I’d also be opposed to deleting (as opposed to archiving) candidate builds because I know QA has often needed to reference them when verifying bugs in later releases.
You failed to mention Thunderbird, was that included in the list of other products?
In any case, yes we’d like to help clean up too, but it’ll be about a week before we start discussion on it (due to 3.1 rc1 pressures).
Maybe instead of deleting all nightly builds that are older than a certain date, you could delete all but one build per time period. E.g. leave one build per week or one per month. This would still enable binary searches to a decent degree of precision.
We hashed out a revised plan on the newsgroups:
http://groups.google.com/group/mozilla.dev.planning/msg/3ec37a1f5275d502?
It boils down to the following:
1) Keep all releases for all products online and available. There’s no need to remove them.
2) Keep all en-US nightly builds for all products online and available. There’s no need to remove them.
3) Delete nightly artifacts for all products that are not useful inregression hunting.
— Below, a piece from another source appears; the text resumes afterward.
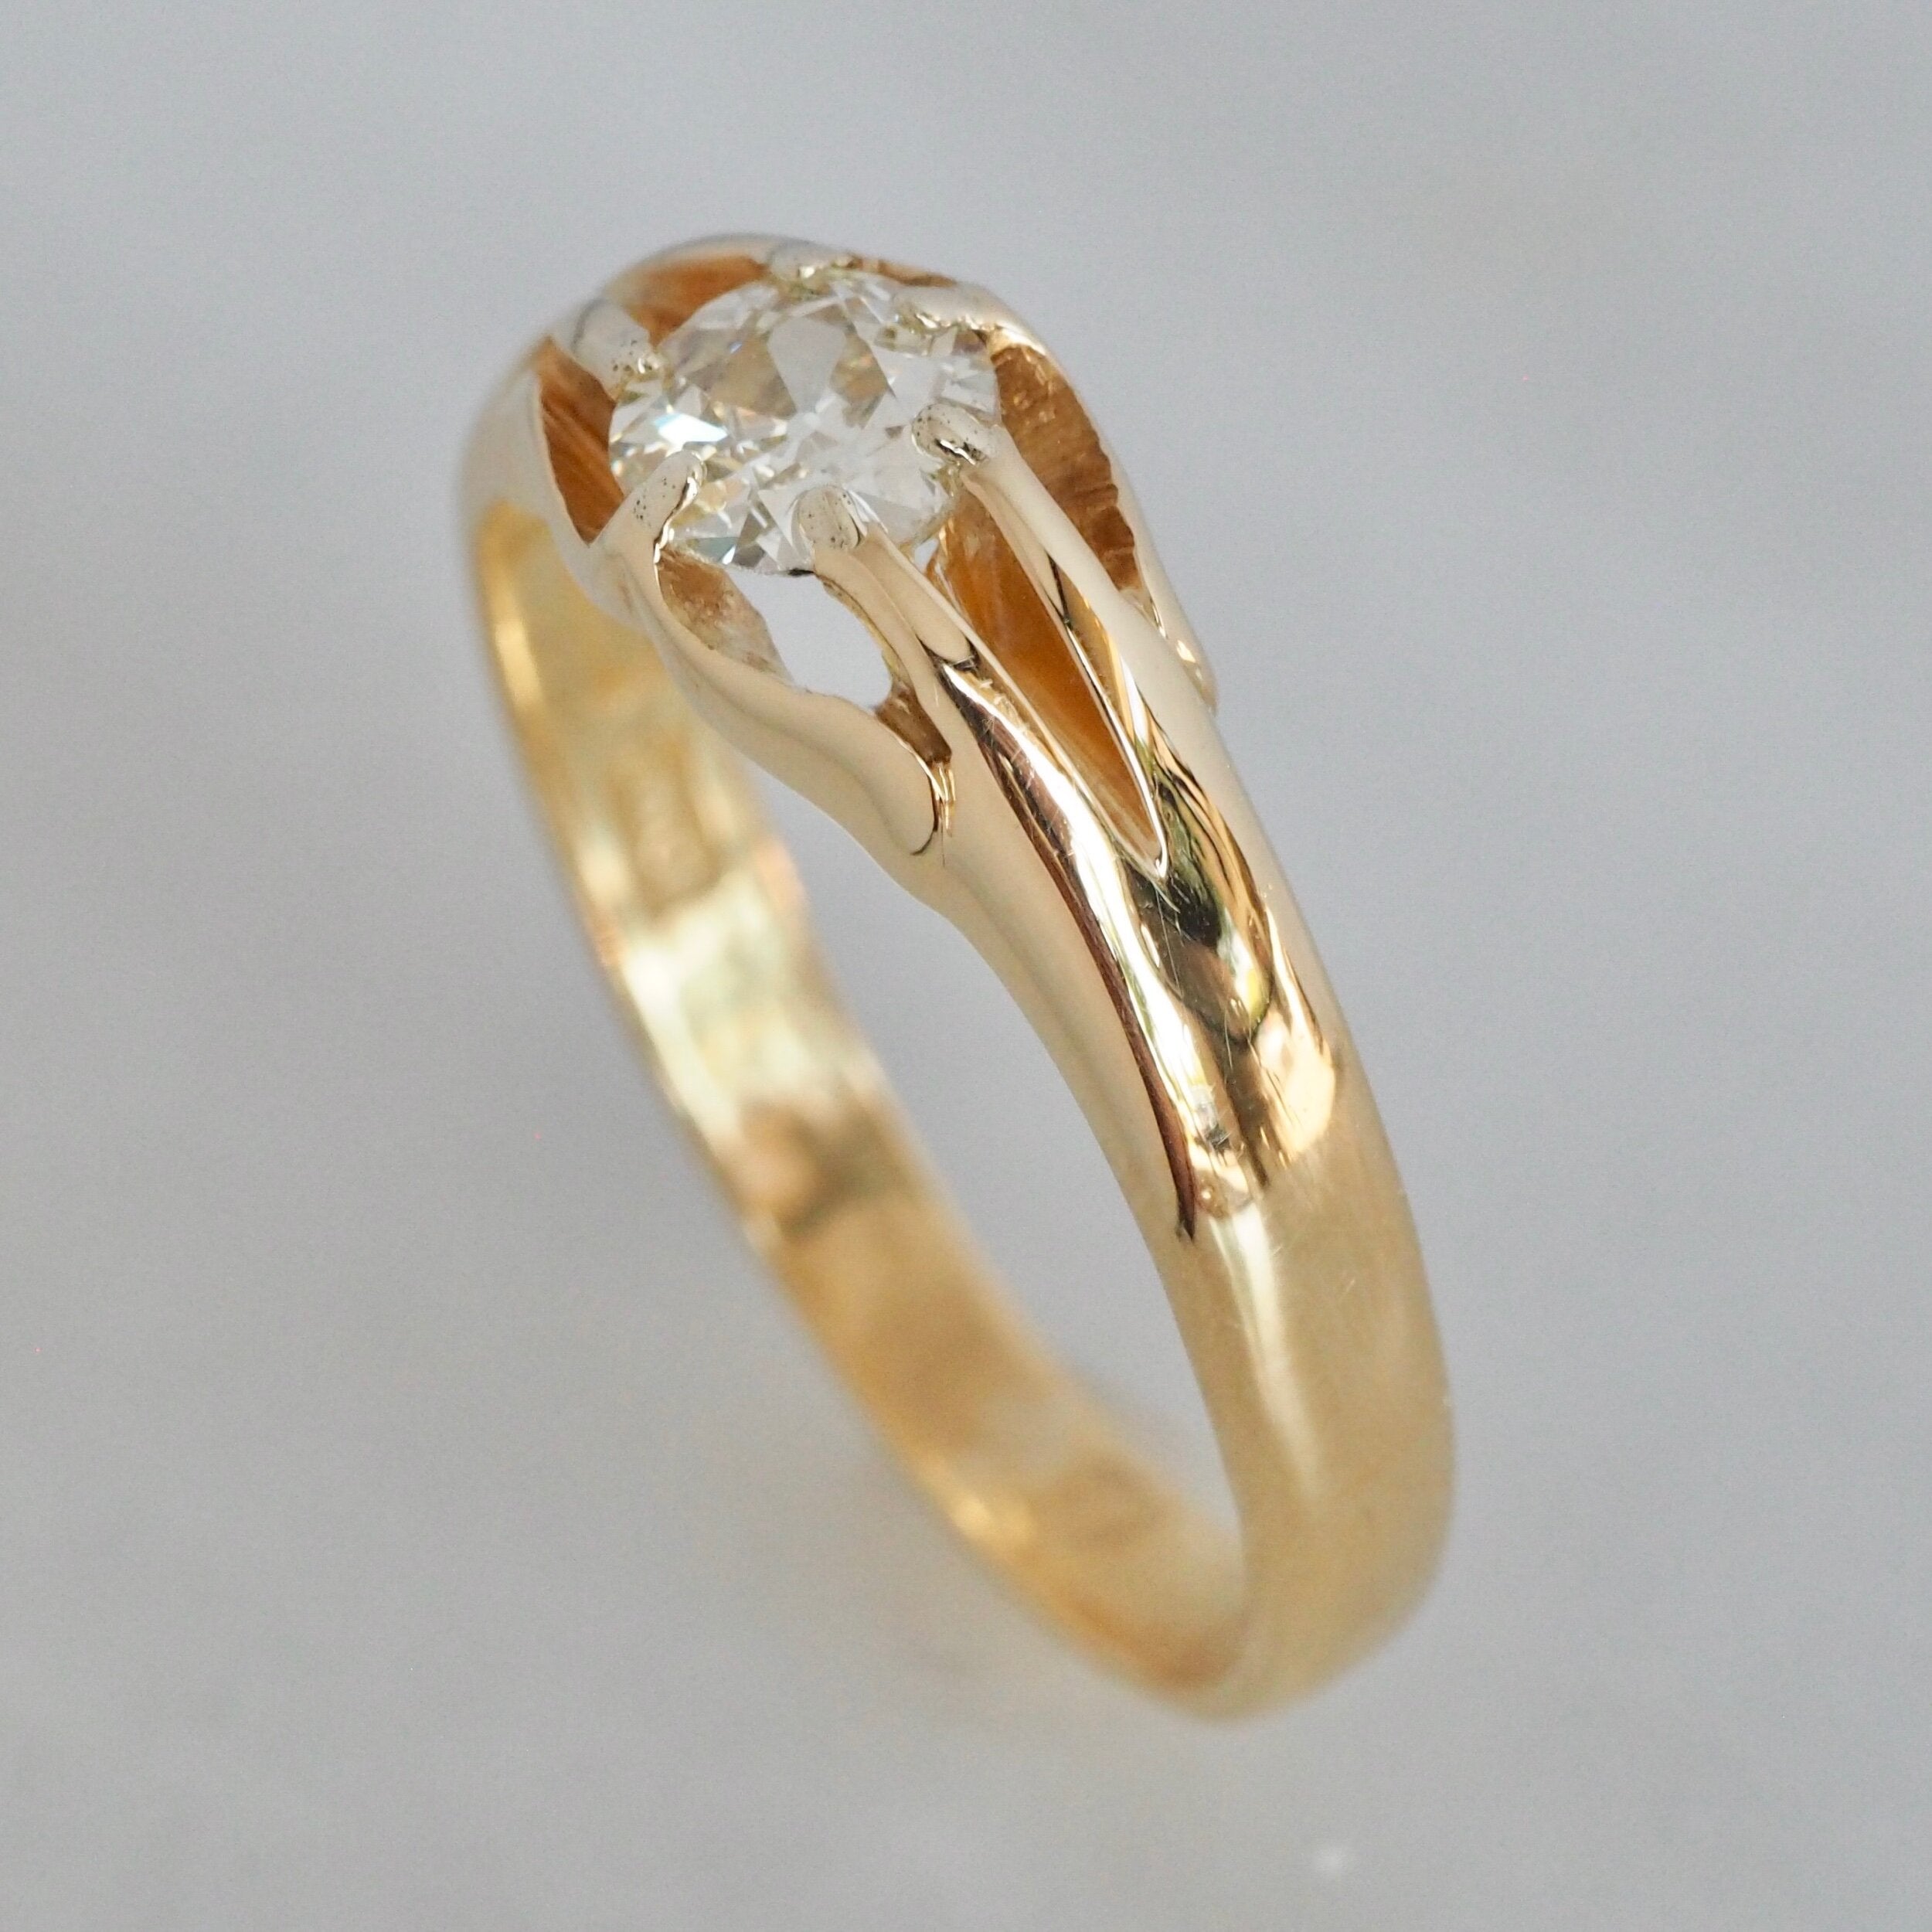 Art Nouveau 18k Gold Old European Cut Diamond Ring

Specifically, this means deleting installer files (linux and windows) and xpis from 2009 and earlier. This could represent a one-time space recovery of almost 900GB. Individual products can opt out of this cleanup with sufficient cause.
4) Automate the deletion of nightly MAR files older than one month. Only the most recent MAR files are required. This would be done across all products. (unchanged)
5) Delete builds from older candidates directories after official release. This will reclaim up to 13G per build attempt per release. This will be a manual process. (unchanged)
6) Automate the removal of nightly artifacts older than 6 months for all products that are not useful in regression hunting.